I tried clearing it but it didn't work. Jonah must have noticed my struggle because he said, "Here take a drink. It might be a little bit cold by now." I took the cup he handed me and almost finished it without taking a break. Once again, the atmosphere around us turned silent.

"Want to tell me what happened just then?" Jonah looked deep into my eyes almost as if he thought the answer lay in them.

"It was nothing." I excused pathetically. If I was lucky, Jonah would just drop the subject and leave me be alone.

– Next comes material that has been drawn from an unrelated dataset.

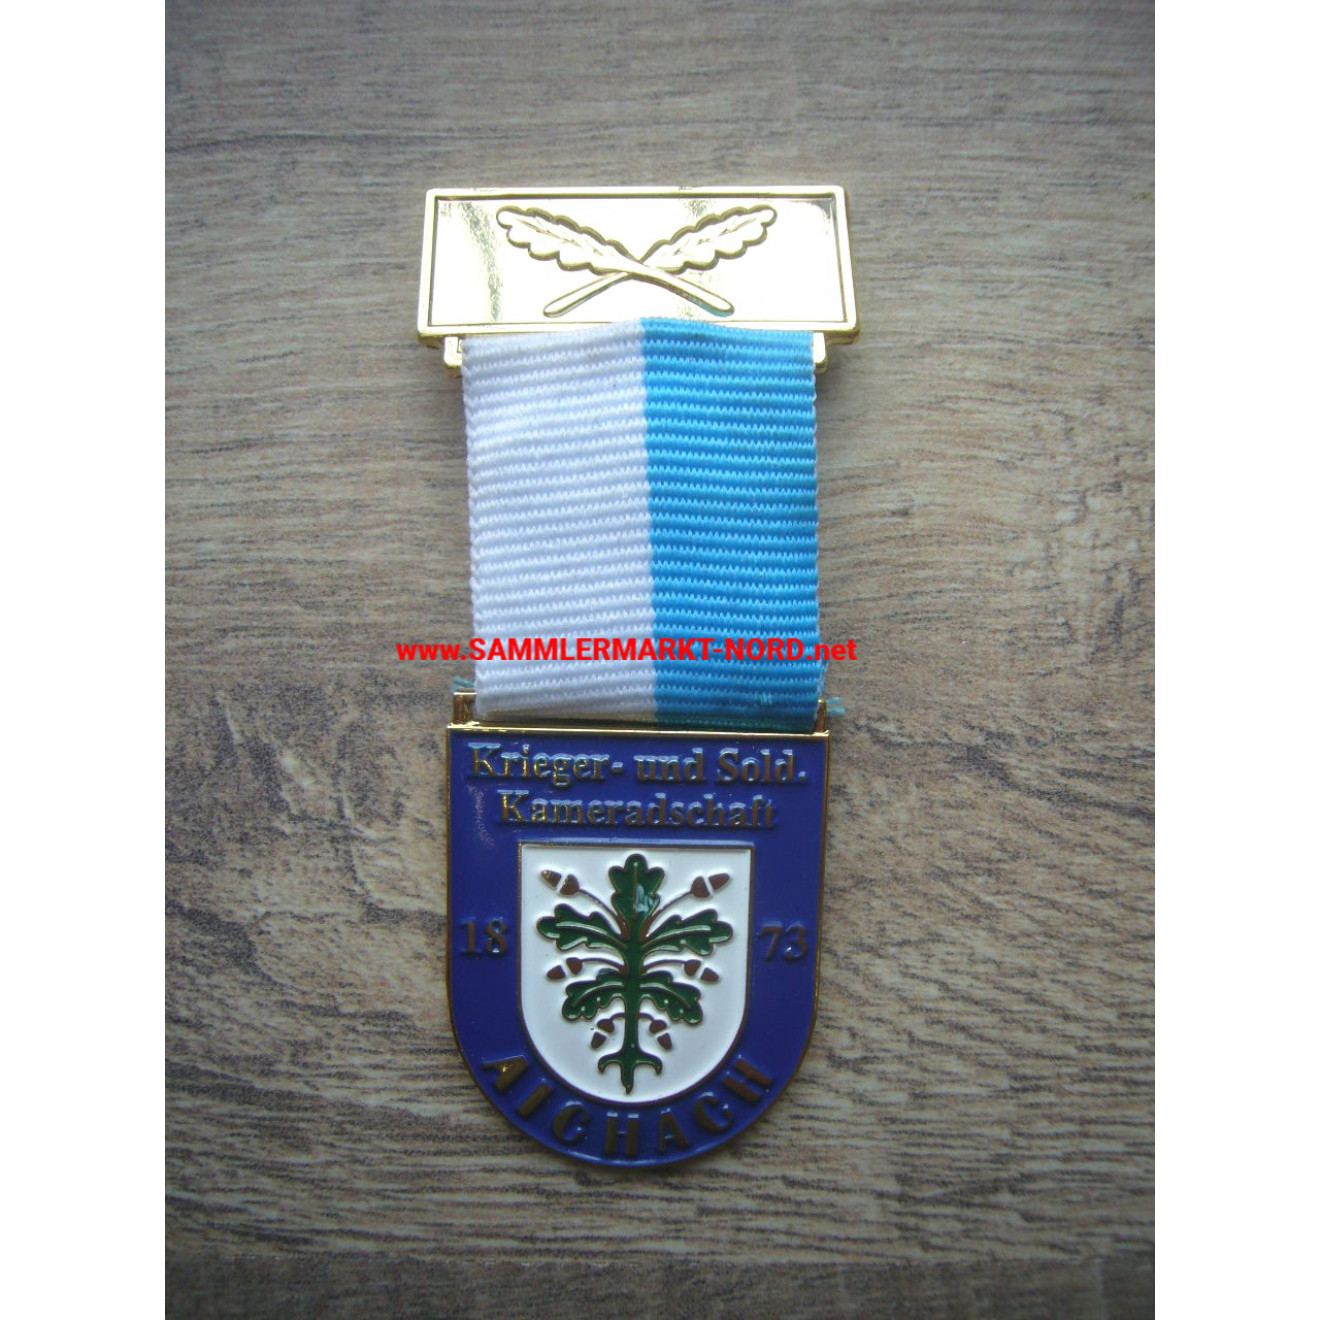 Soldier Comradeship Aichach 1873 - Badge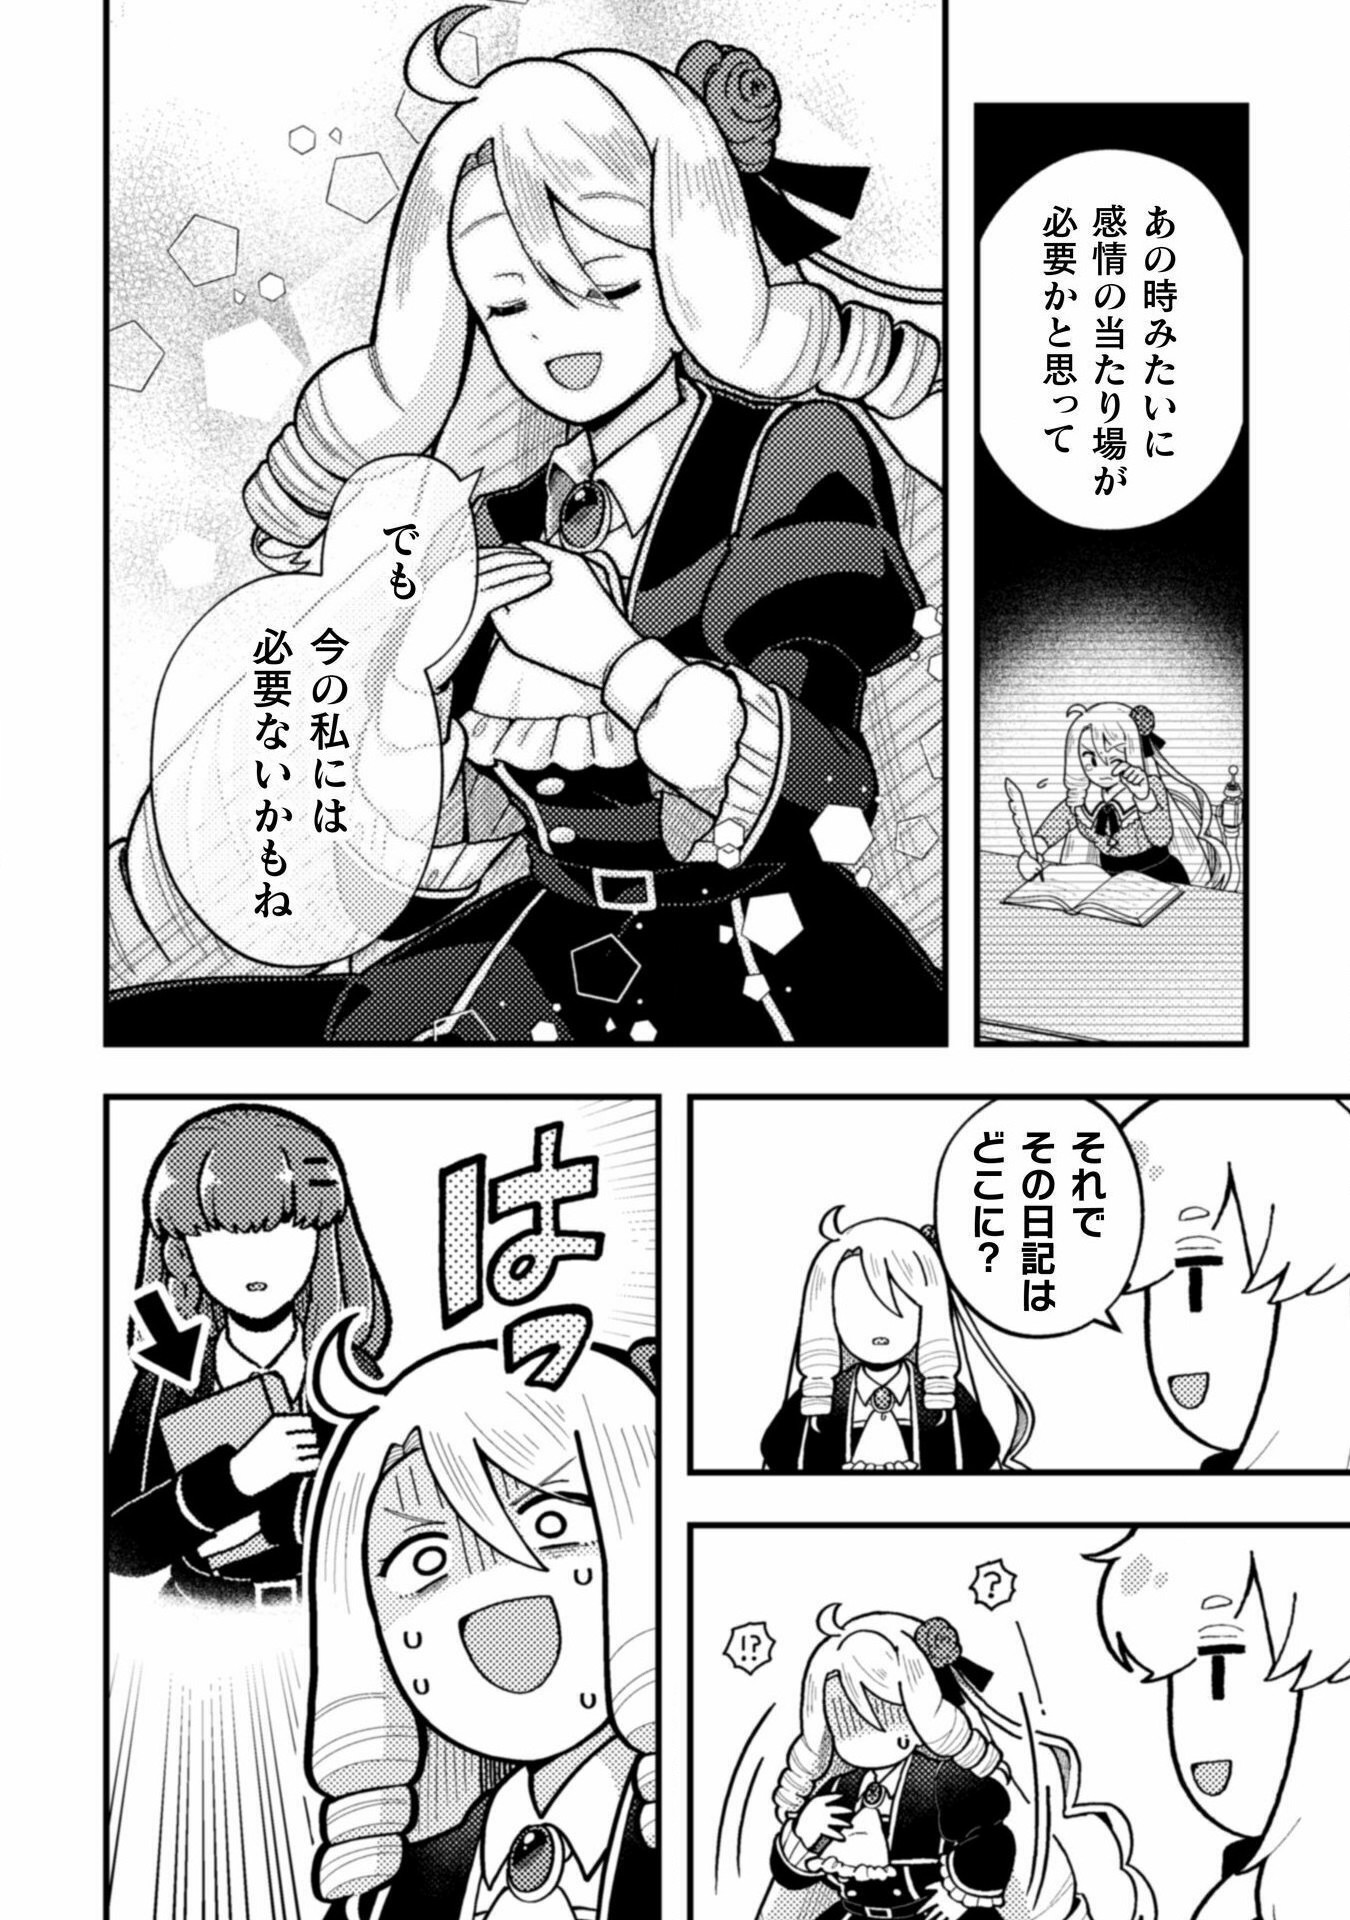 Otome Game no Akuyaku Reijou ni Tensei shitakedo Follower ga Fukyoushiteta Chisiki shikanai - Chapter 21 - Page 22

Of course that wasn't what I wanted. Secretly, the idea of Jonah staying warmed my heart. But, I know that his questions and consequently bringing up the past will ultimately make me more upset. I thought that leaving Hannah meant leaving behind everything we shared. All our memories would remain in England. I didn't want them to be let loose here. I didn't want other people knowing what we went through.

"Kate," Jonah said firmly, "that wasn't nothing- please let me help you." His beautiful eyes pleaded and a wisp of his brown hair fell into his cheek. I itched to reach out and tuck it away.

"It's just that..." I started, unsure about exactly how much detail I was going to get into. "I was reminded of an old friend I left behind in England. I was overwhelmed and I guess blanked out. You probably think I'm stupid." I decided that was enough; I was to remain as vague as possible.
Jonah was silent for a moment. Was he expecting more?

He finally spoke, "If that's all you're comfortable with sharing than its okay with me. Listen, I think many things of you; none of them are even close to stupid. It saddens me that you believe showing emotion makes you look it. I admire your honesty, Kate."

I didn't know what to say. I, Kate Green, was left speechless and it was by a boy I've known for no more than a month. In England, I spent my time mostly around other girls. A lot of the boys in my areas wore tracksuits and smoked odd substances in public. I remember I once tried to hang out with a group of them. My uncle spotted me and dragged me home to my mum who was more than displeased by my choice of company. I smiled to myself remembering how she wanted me to get checked at the hospital for any kind of STD or drug induced illness. For weeks after, she would ask me if my stomach felt upset or if I was dizzy. I found out that the kids were only smoking regular tobacco and there was no risk of overdose from second-hand smoke. Of course I didn't tell my mum this; I would get a day of school if I had even just coughed.

"You don't smile enough." Jonah's voice bought me back to the present. I looked up to him and noticed his eyes were fixed on my mouth that was still displaying a grin.

"I don't really have much to smile about." I said. After realising how sad that sounded, I quickly added, "Because all of my attention has been put into moving. I don't have much time to do stuff that makes me happy."

"And what does make you happy, Kate Green?" he asked, leaning back against the bookcase. It creaked and I wondered whether it would fall due to the weight he was emitting.

Without hesitation, I confidently stated, "Music." Jonah raised an eyebrow obviously signalling me to elaborate.

"I mean playing music," I corrected, "Piano mostly."